Lockheed Constellation: A History
by Graham M. Simons
The dolphin-shaped fuselage looked like no other. The triple tail made it instantly recognizable. It remained useful decades after jet airliners pushed it out of mainline service. There should be piles of books about it—but there aren’t. This is a good one.
Balloons and Airships: A Tale of Lighter Than Air Aviation
by Anthony Burton
What huge advantage does an LTA craft have still today? Range.
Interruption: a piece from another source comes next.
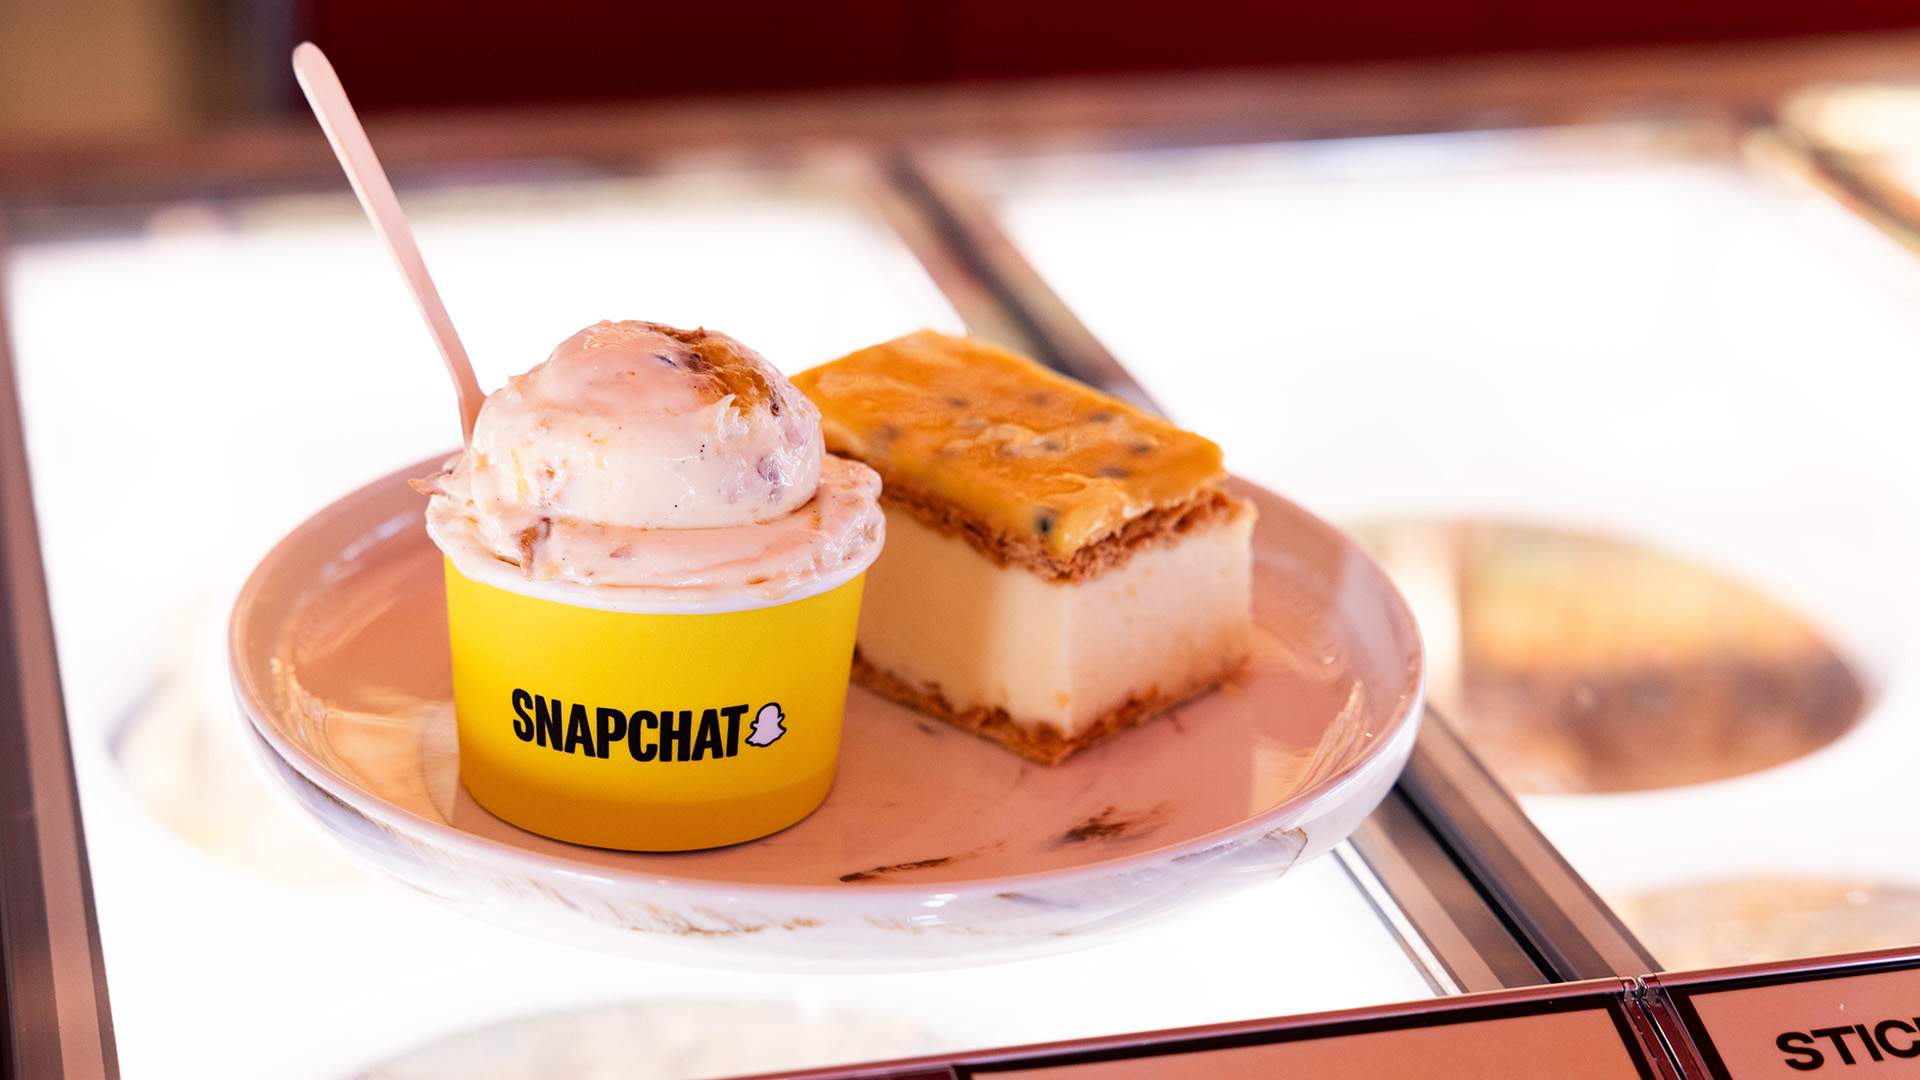 Messina Will Give You a Free Scoop of Vanilla Slice-Inspired Gelato Today If You Have Snapchat on Your Phone

This old story has a future, and every now and then a new book comes along to bring us current.
Sunbeam Aero Engines
by Alec Brew
Within the arc from tinplate working to land speed record cars fall many interim steps, and this small book gives a thorough account of how Sunbeam got into the aero engine business and how that spilled over into record cars.
Spanish Republican Aces
by Rafael A. Permuy López
Spain’s 1936–1939 Civil War was a complicated affair—and not discussed for decades after. One small aspect of it, the aircraft flown by foreign and Spanish pilots on the socialist Republican side supported by Russia, is presented here.
Last of the Flying Clippers: The Boeing B-314 Story
by M.D. Klaäs
For the few years these magnificent flying boats operated they raised the bar—and putting the “air” into transatlantic airmail is only of the things Pan Am’s famous B-314 clippers were the first to accomplish.
Big Wings: The Largest Aeroplanes Ever Built
by Philip Kaplan
Splendidly illustrated with not only aircraft “stuff,” this book takes a sometimes nostalgic and always sympathetic look at two dozen big birds.
I Kept No Diary
by F.R. (Rod) Banks
If your motor requires high octane fuel it probably has high compression. Banks is the man who championed this technology—and a thousand other things—which is probably why he had no time to keep a diary. He was 80 when he wrote this book, and still working!
The Curtiss Hydroaeroplane: The U.S. Navy’s First Airplane 1911–1916
by Bob Woodling and Taras Chayka
The story of the first truly successful seaplane is here told against the backdrop of the all-important human factor: how people find each other, work together, and make the sum greater than its parts.
UFO Drawings From The National Archives
by David Clarke
Some say The Truth is Out There. Even if it is, so is a whole load of other stuff. Fake news is not news! This delightfully left-field book shows how the UFO phenomenon has been a rich seam mined by a diversity of Britons, ranging from the self-delusional to the unsettlingly sane.